Define a reusable step block and merge with <<: *.

defaults: &defaults
  runs-on: ubuntu-latest
  steps:
    - uses: actions/checkout@v4

jobs:
  job1:
    <<: *defaults
    steps:
      - run: echo "Job1"

  job2:
    <<: *defaults
    steps:
      - run: echo "Job2"

***

11. Bonus Tips & Tricks

  • Workflow Visualization: View DAG graph under “Actions” to understand job dependencies.
  • Reusable Workflows: Break common tasks into workflow_call workflows.
  • Self-hosted Runners: Tag runners and use runs-on: [self-hosted, linux] for dedicated infrastructure.
  • Security Scanning: Integrate trivy or anchore as pre-deploy steps.
  • Notifications: Send Slack/Teams alerts via webhook actions on failure or on threshold metrics.

Section 4 of 4: Conclusion, Roadmap Recap, Bonus Case Study & Diagrams

12. Conclusion & Action Plan Recap

Congratulations on building a robust, scalable CI/CD pipeline with GitHub Actions!
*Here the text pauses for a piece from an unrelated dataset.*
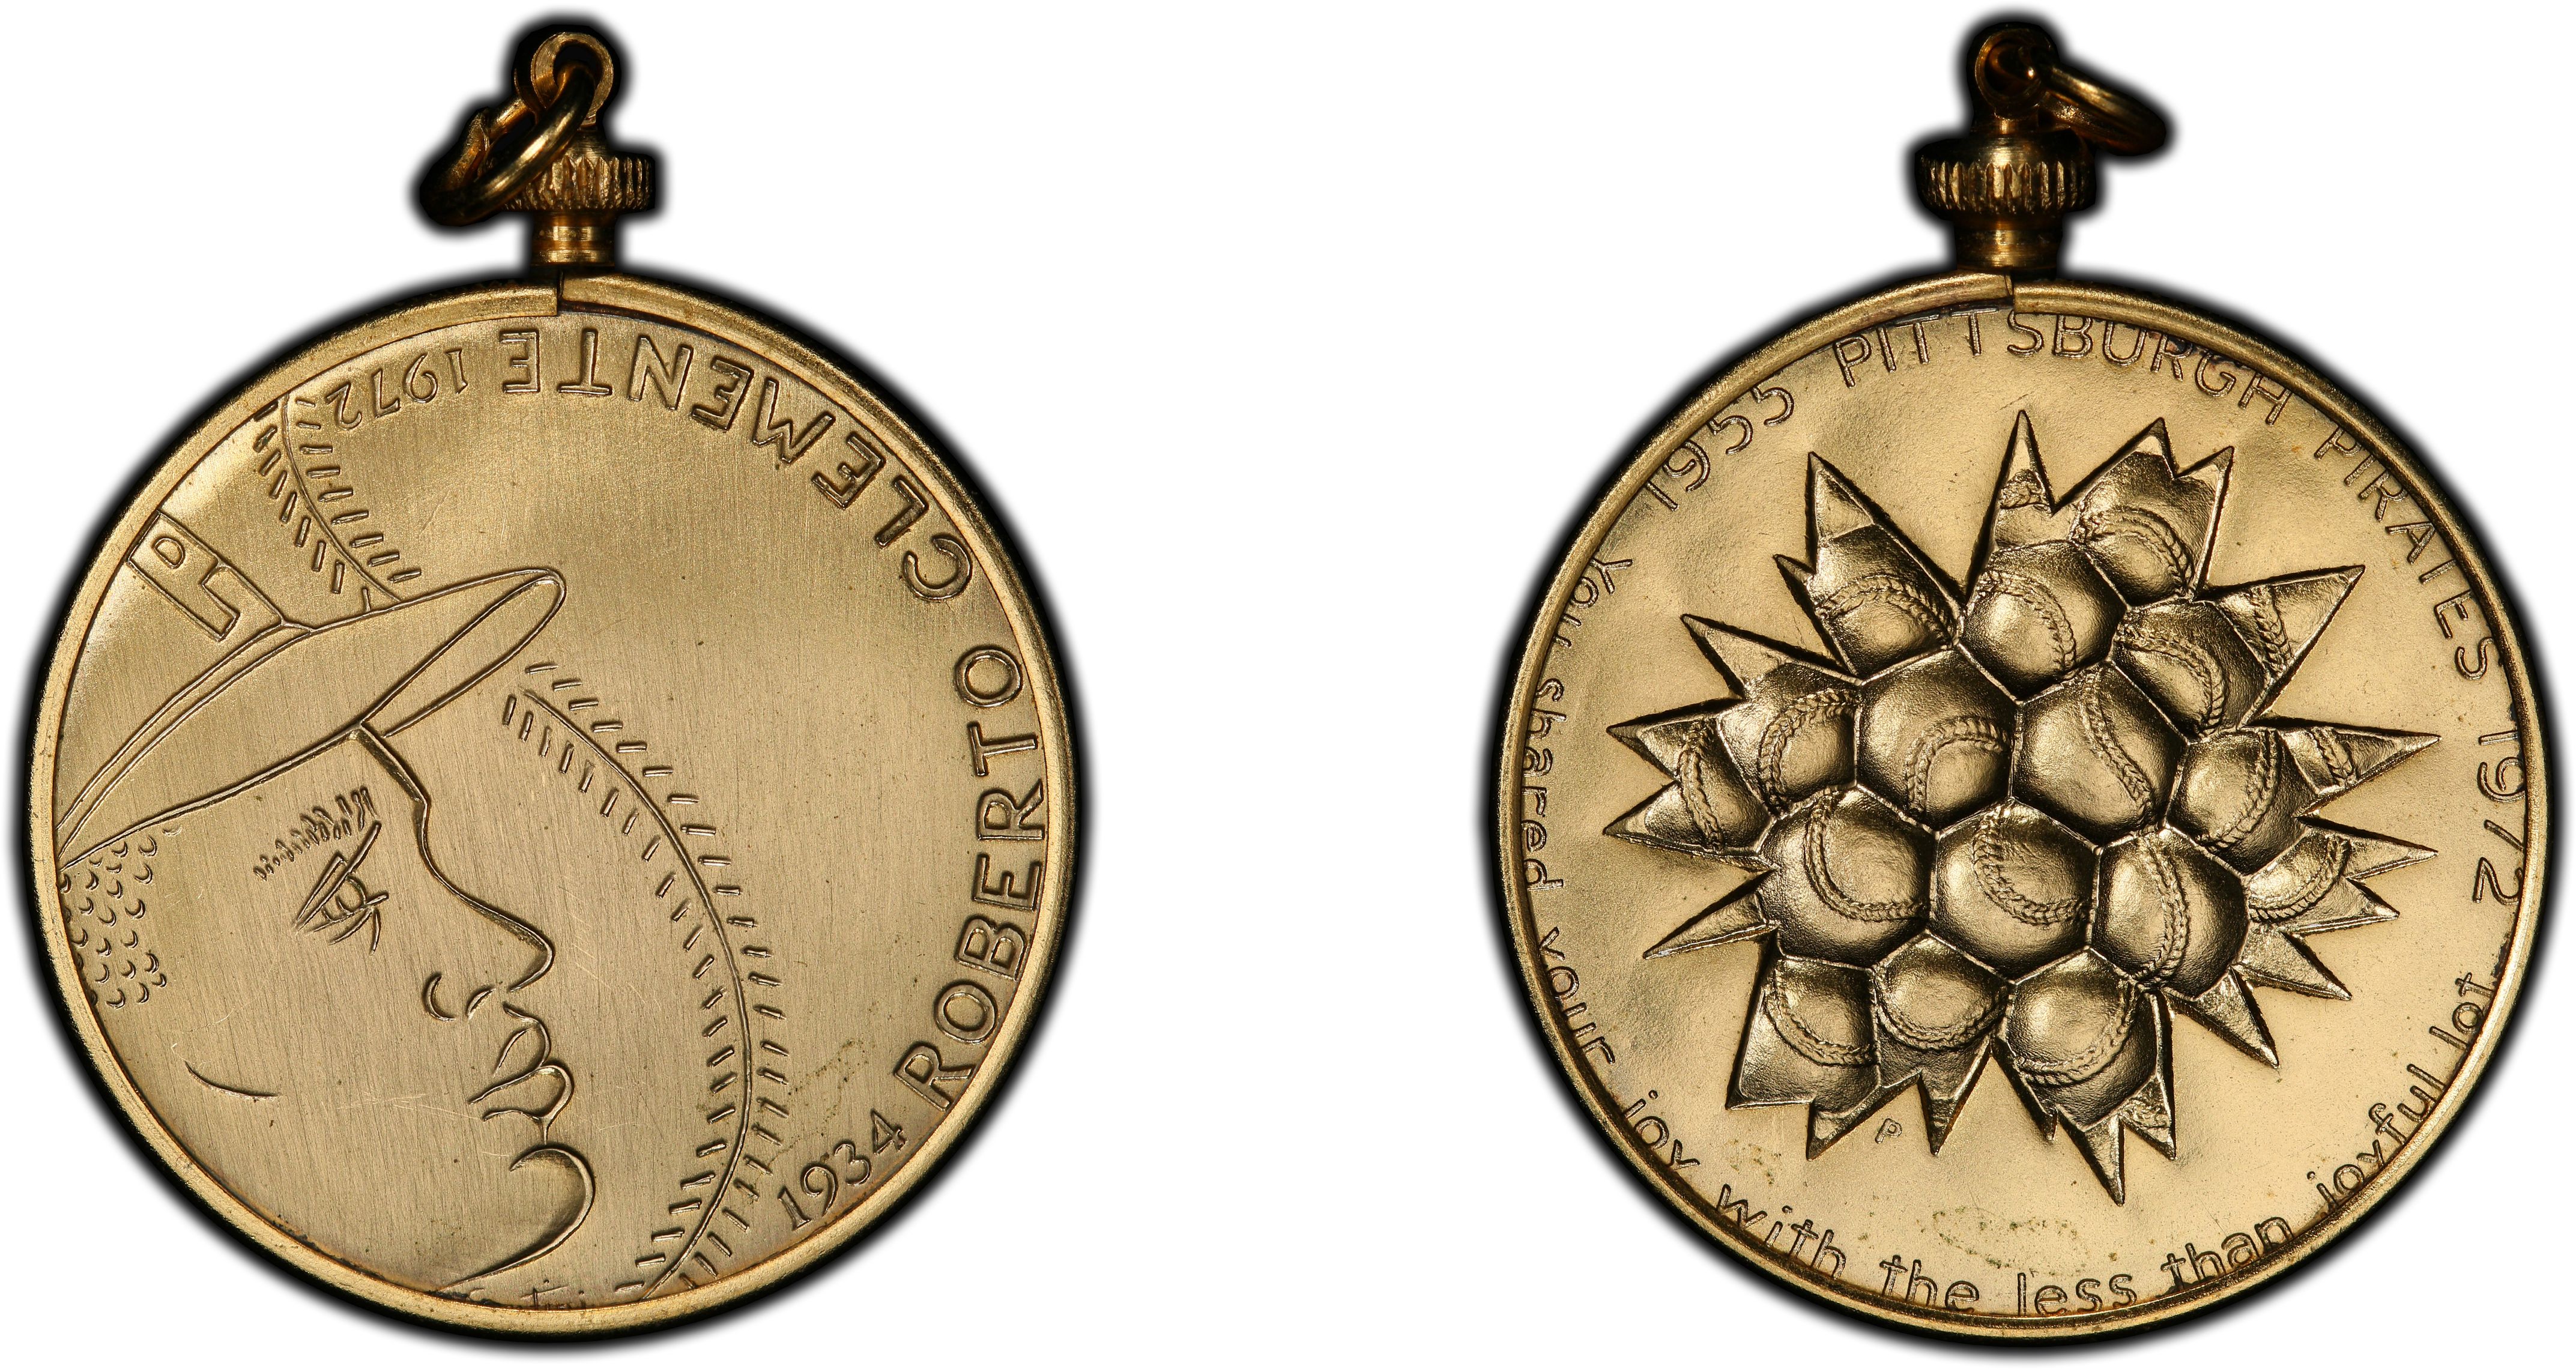 Pittsburgh Pirates Hall of Fame Commemorative Coin Collection

Here’s your action plan:

  • Phase 1: Implement linting workflows with ESLint and Python linters; verify artifacts.
  • Phase 2: Configure a test matrix for unit, integration, and E2E tests; upload coverage.
  • Phase 3: Optimize builds with multi-stage Dockerfiles and BuildKit caching; manage artifacts.
  • Phase 4: Automate deployments using blue/green, Helm, or kubectl; include rollbacks.
  • Phase 5: Secure secrets via Vault, Parameter Store, and External Secrets Operator.
  • Phase 6: Troubleshoot with verbose logs, tmate sessions, and real log analysis.
  • Phase 7: Drive performance and cost efficiency: runner selection, matrix tuning, retention policies.
  • Extended Sections: Develop custom GitHub Actions, leverage advanced YAML, and apply best practices.
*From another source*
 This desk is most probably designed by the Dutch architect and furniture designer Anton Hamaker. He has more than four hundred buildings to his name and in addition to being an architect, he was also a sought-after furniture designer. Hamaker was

13. Bonus Case Study: SaaS Multi-Tenant Deployment

Background: SaaS platform with per-tenant isolated environments, on-demand deployments for 100+ tenants.

Challenges

  • Provision dedicated namespaces per tenant
  • Automate isolated deployments
  • Manage secrets and resource quotas per namespace

Solution Outline

  1. Define a tenant list in JSON in the repo (tenants.json).
  2. Generate dynamic matrix jobs to loop through tenants.
  3. Use Helm with --create-namespace and --namespace flags.
  4. Inject tenant-specific secrets via Kubernetes External Secrets.
  5. Monitor per-namespace resource usage with Prometheus.

Sample Workflow Snippet

jobs:
  deploy-tenants:
    runs-on: ubuntu-latest
    strategy:
      matrix:
        tenant: ${{ fromJson(needs.prepare.outputs.tenants) }}
    needs: prepare
    steps:
      - uses: actions/checkout@v4
      - name: Deploy tenant
        run: |
          helm upgrade --install myapp-${{ matrix.tenant }} charts/myapp \
            --namespace tenant-${{ matrix.tenant }} \
            --create-namespace \
            --set image.tag=${{ github.sha }}

14. Architecture Diagrams

Embed these diagrams in your blog for visual clarity:

  • CI/CD Workflow Diagram: Show each GitHub Actions phase and artifact flow.
  • Blue/Green Deployment: Illustrate traffic switch between environments.
  • SaaS Multi-Tenant: Depict per-tenant namespaces and dynamic matrices.